Role of Reactive Oxygen Species in Tumor Necrosis Factor-alpha Induced Endothelial Dysfunction.

Endothelial cell injury and dysfunction are the major triggers of pathophysiological processes leading to cardiovascular disease. Endothelial dysfunction (ED) has been implicated in atherosclerosis, hypertension, coronary artery disease, vascular complications of diabetes, chronic renal failure, insulin resistance and hypercholesterolemia. Although now recognized as a class of physiological second messengers, reactive oxygen species (ROS) are important mediators in cellular injury, specifically, as a factor in endothelial cell damage.

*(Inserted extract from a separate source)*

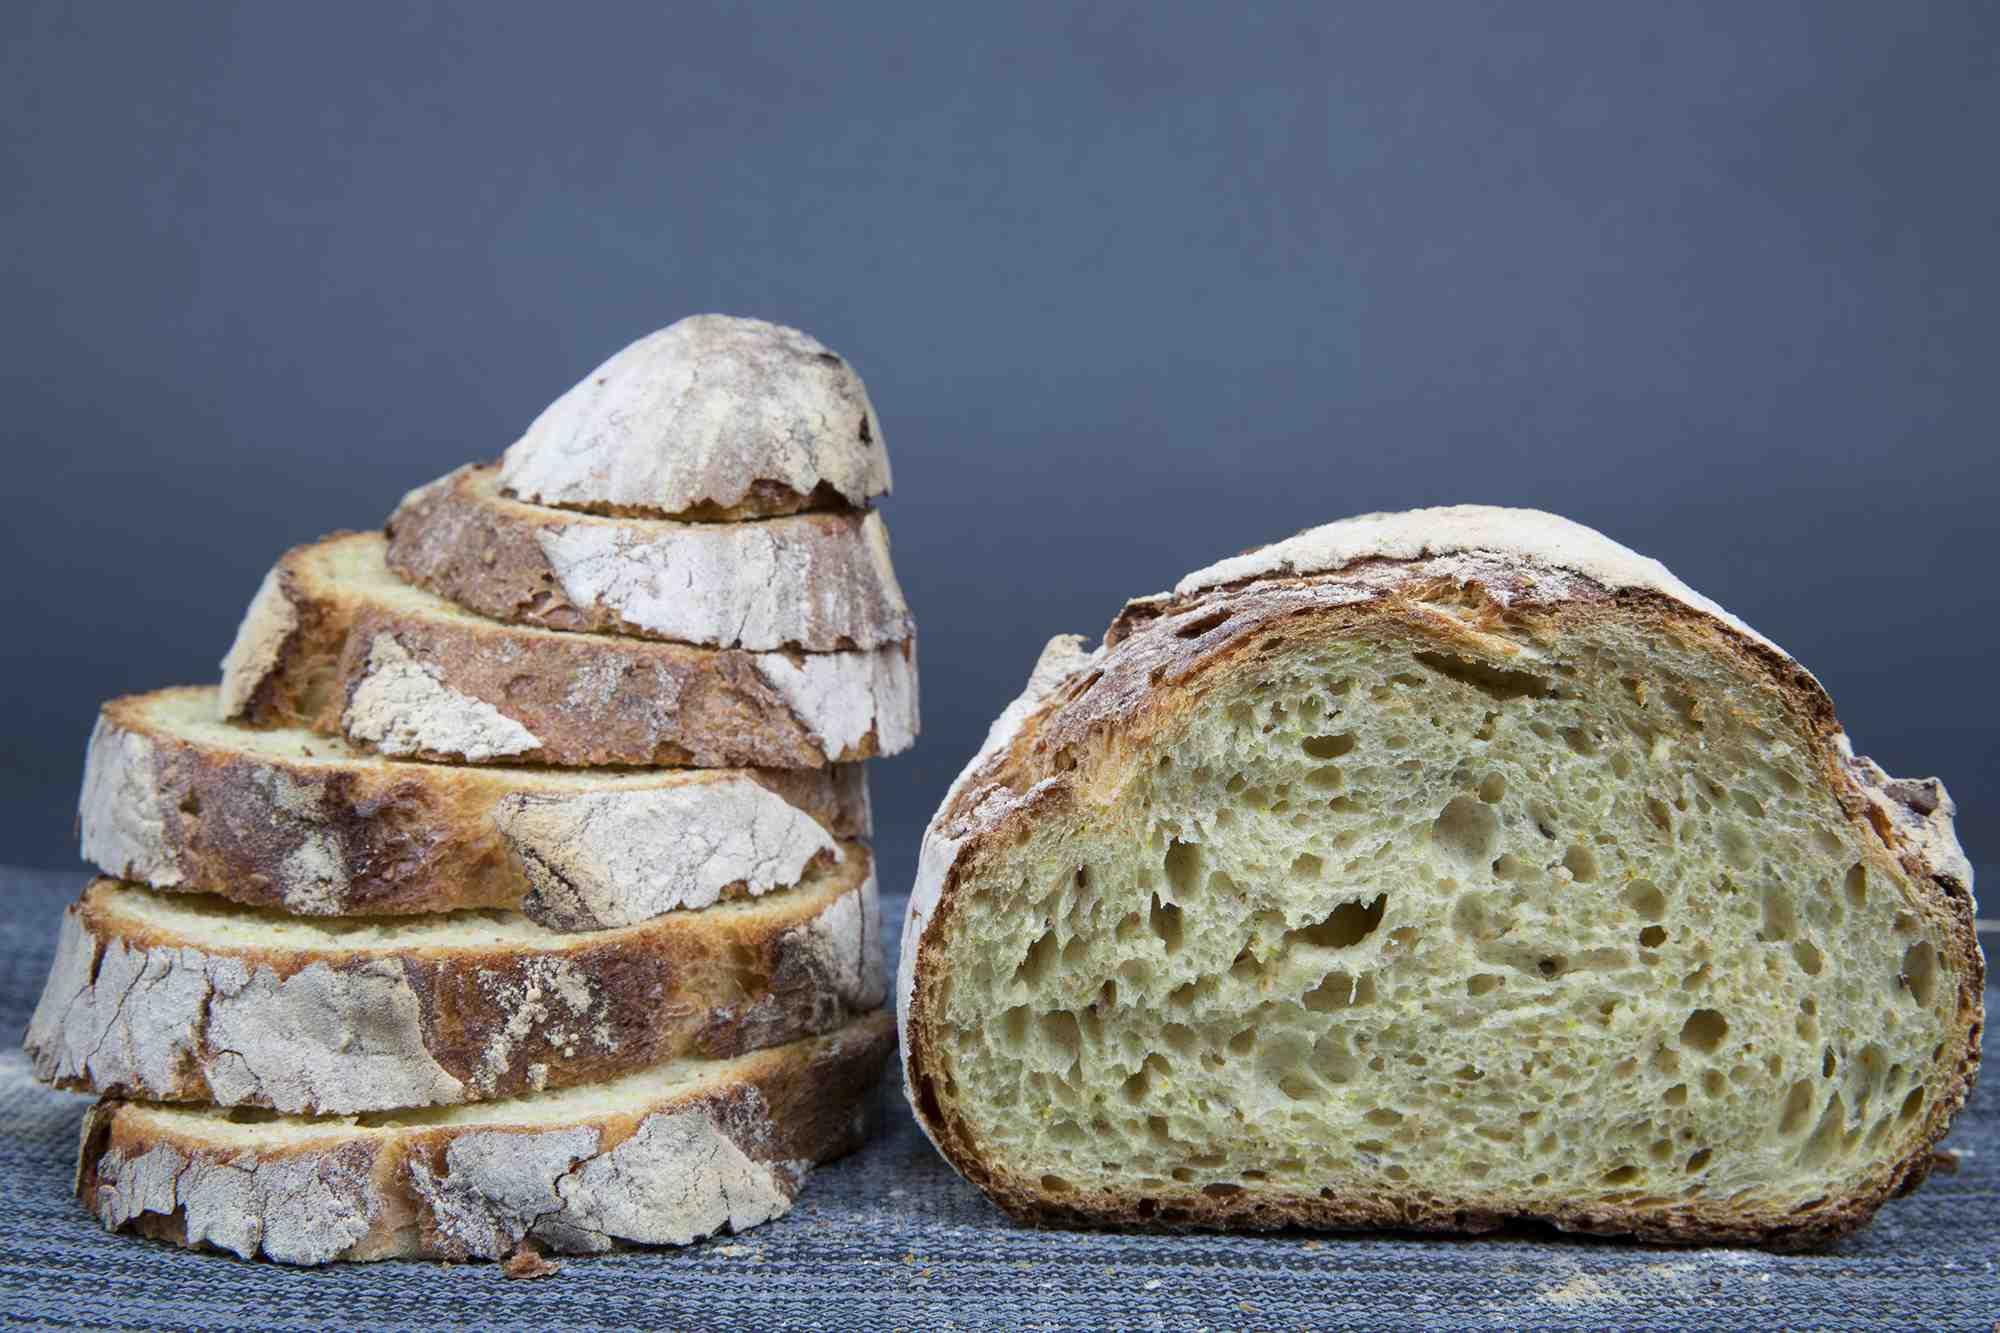 Workshop Eğitimleri/Ekşi Maya Ekmeği Yapımı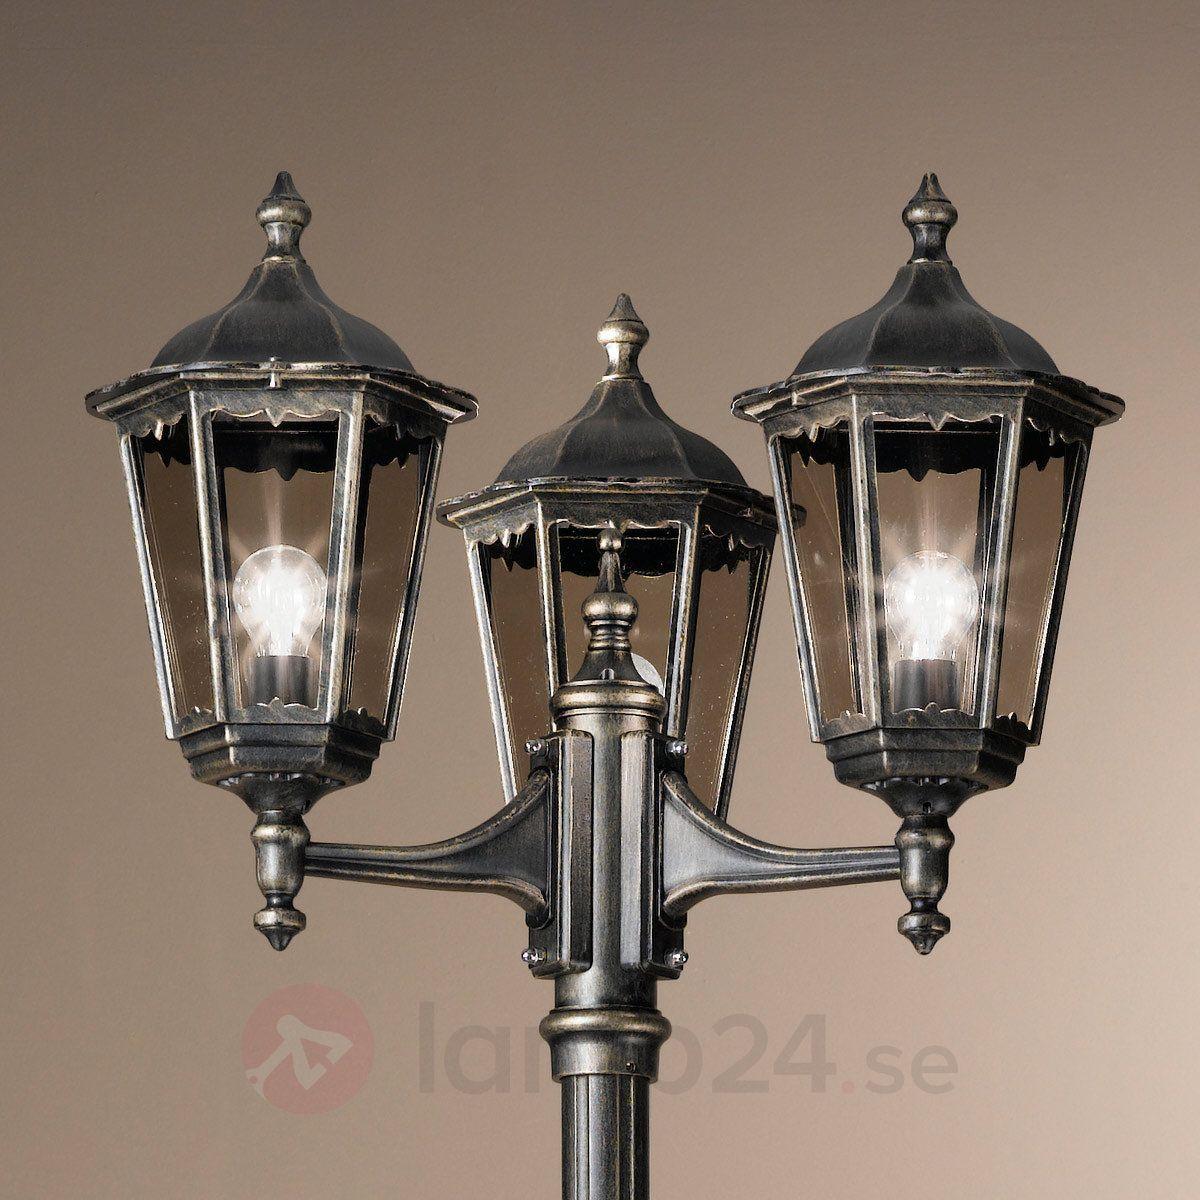 Trearmad stolplampa Fabio 255 cm beställ säkert & bekvämt på Lamp24.se.

Uncontrolled ROS production and/or decreased antioxidant activity results in a deleterious state referred to as 'oxidative stress'. A candidate factor in causing ROS production in endothelial cells is tumor necrosis factor alpha (TNF-α), a pleiotropic inflammatory cytokine. TNF-α has been shown to both be secreted by endothelial cells and to induce intracellular ROS formation. These observations provide a potential mechanism by which TNF-α may activate and injure endothelial cells resulting in ED. In this review, we focus on the relationship between intracellular ROS formation and ED in endothelial cells or blood vessels exposed to TNF-α to provide insight into the role of this important cytokine in cardiovascular disease.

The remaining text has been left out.